In the data below, begin at the line with "Bonmarche 100% Cotton" and stop after the line with "How old is Princess"; output those lines exactly and no pictures.

SOURCE MATERIAL.
>>>>
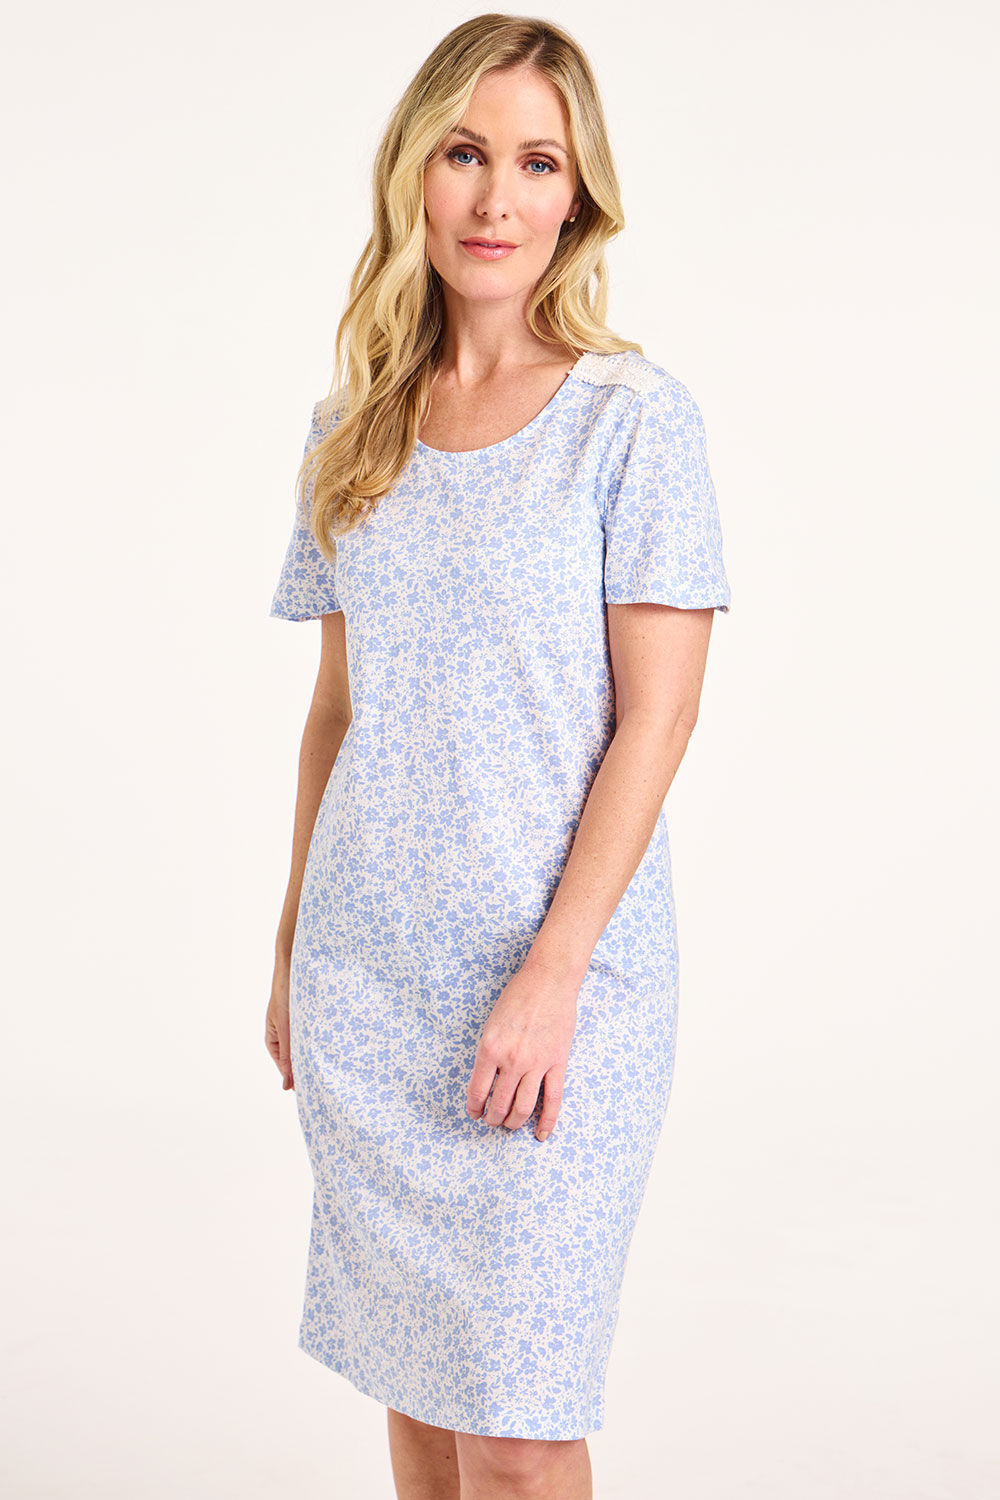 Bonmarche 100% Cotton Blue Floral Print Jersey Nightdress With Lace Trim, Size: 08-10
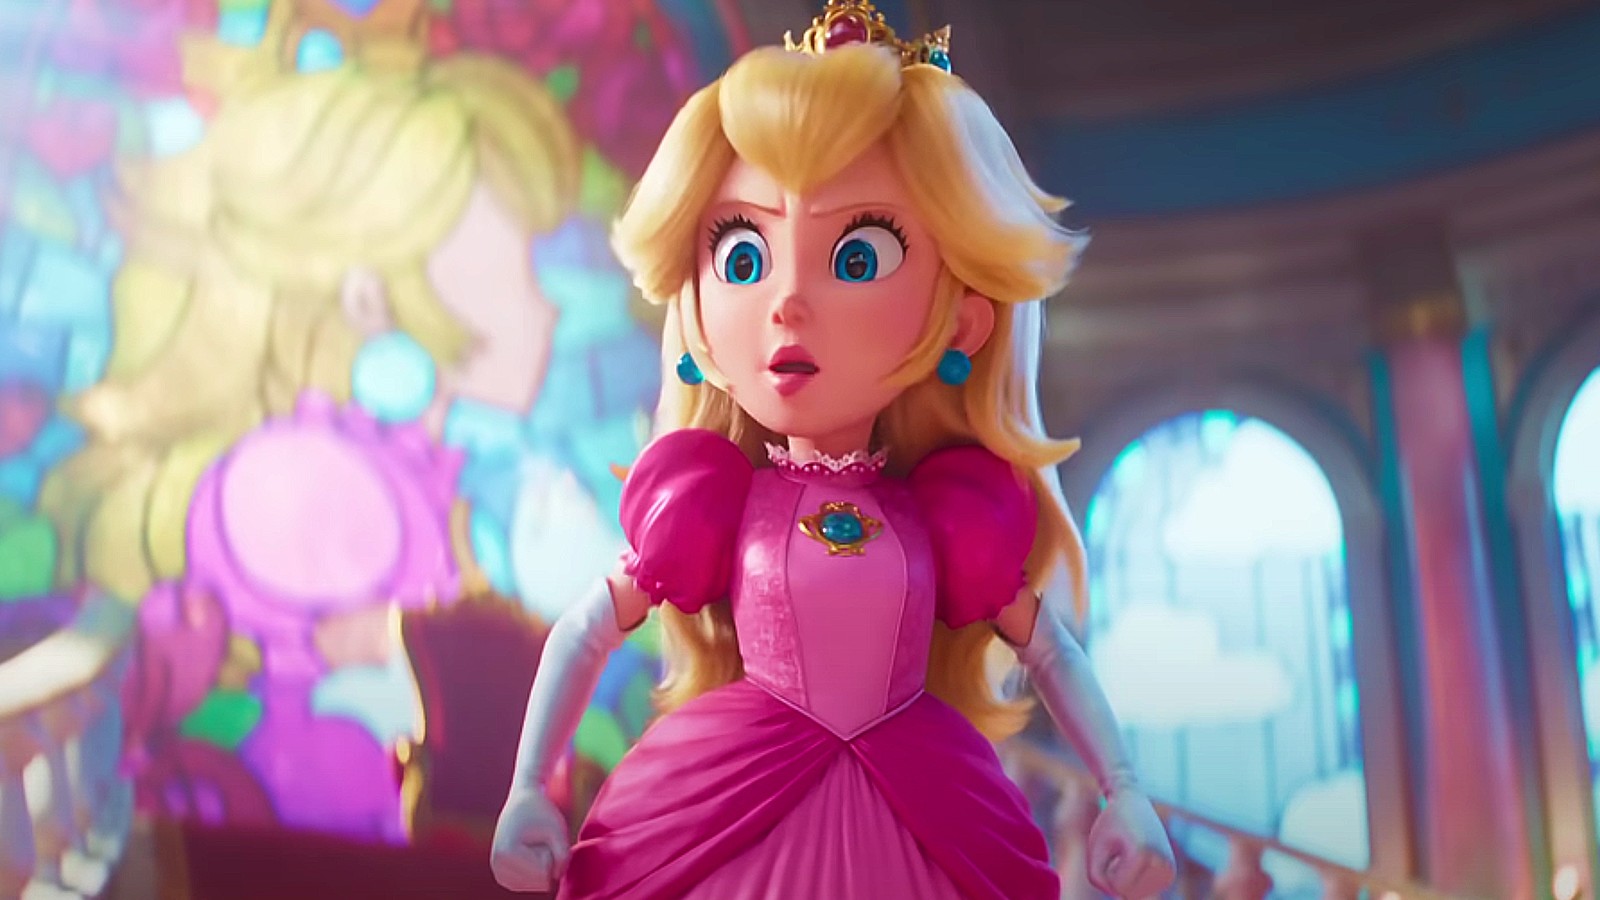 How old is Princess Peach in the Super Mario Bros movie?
<<<<
>>>>
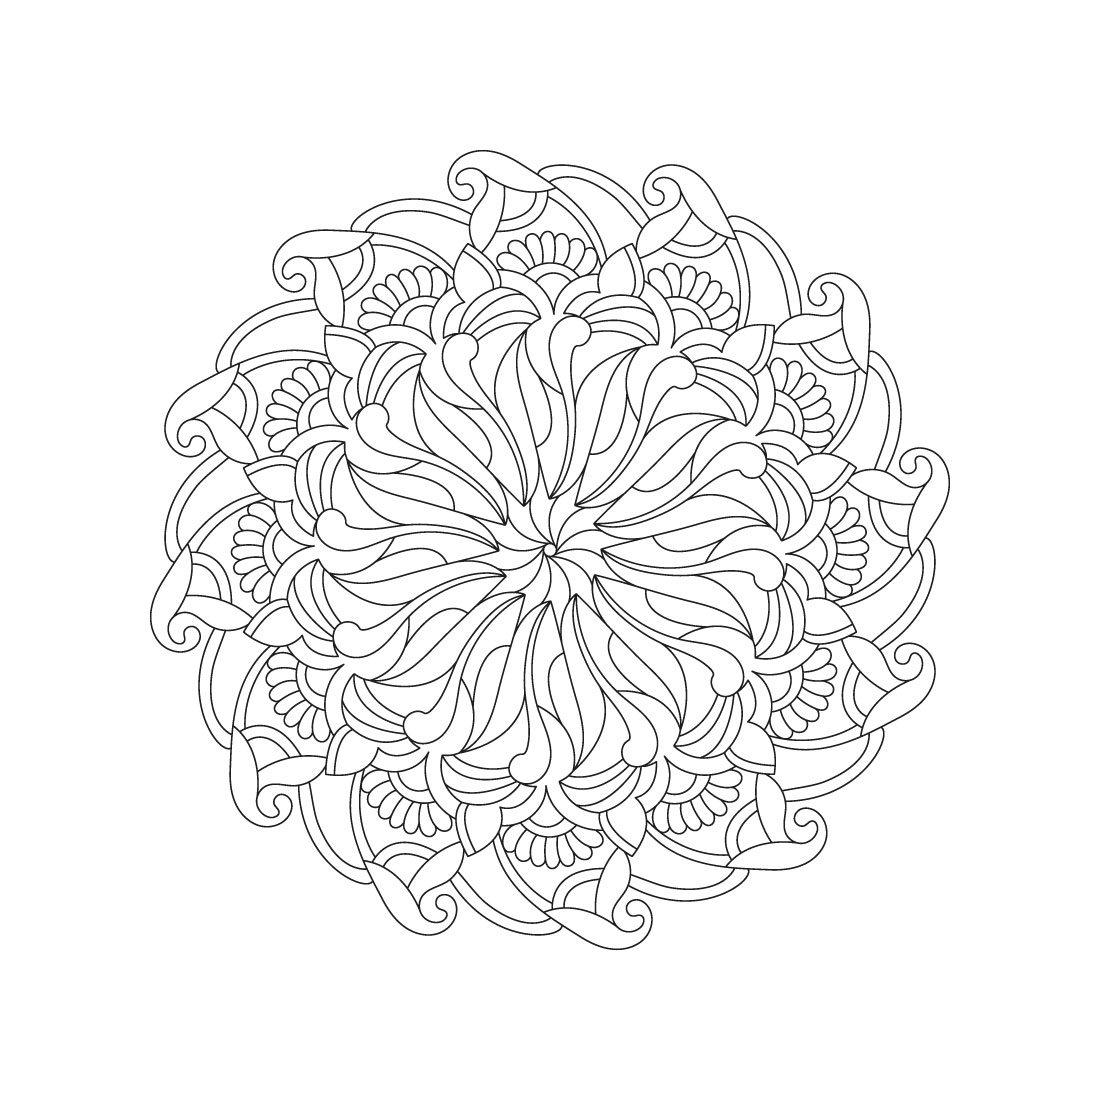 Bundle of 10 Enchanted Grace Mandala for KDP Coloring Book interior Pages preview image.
<<<<
RESULT FOR THIS TASK.
 Bonmarche 100% Cotton Blue Floral Print Jersey Nightdress With Lace Trim, Size: 08-10
 How old is Princess Peach in the Super Mario Bros movie?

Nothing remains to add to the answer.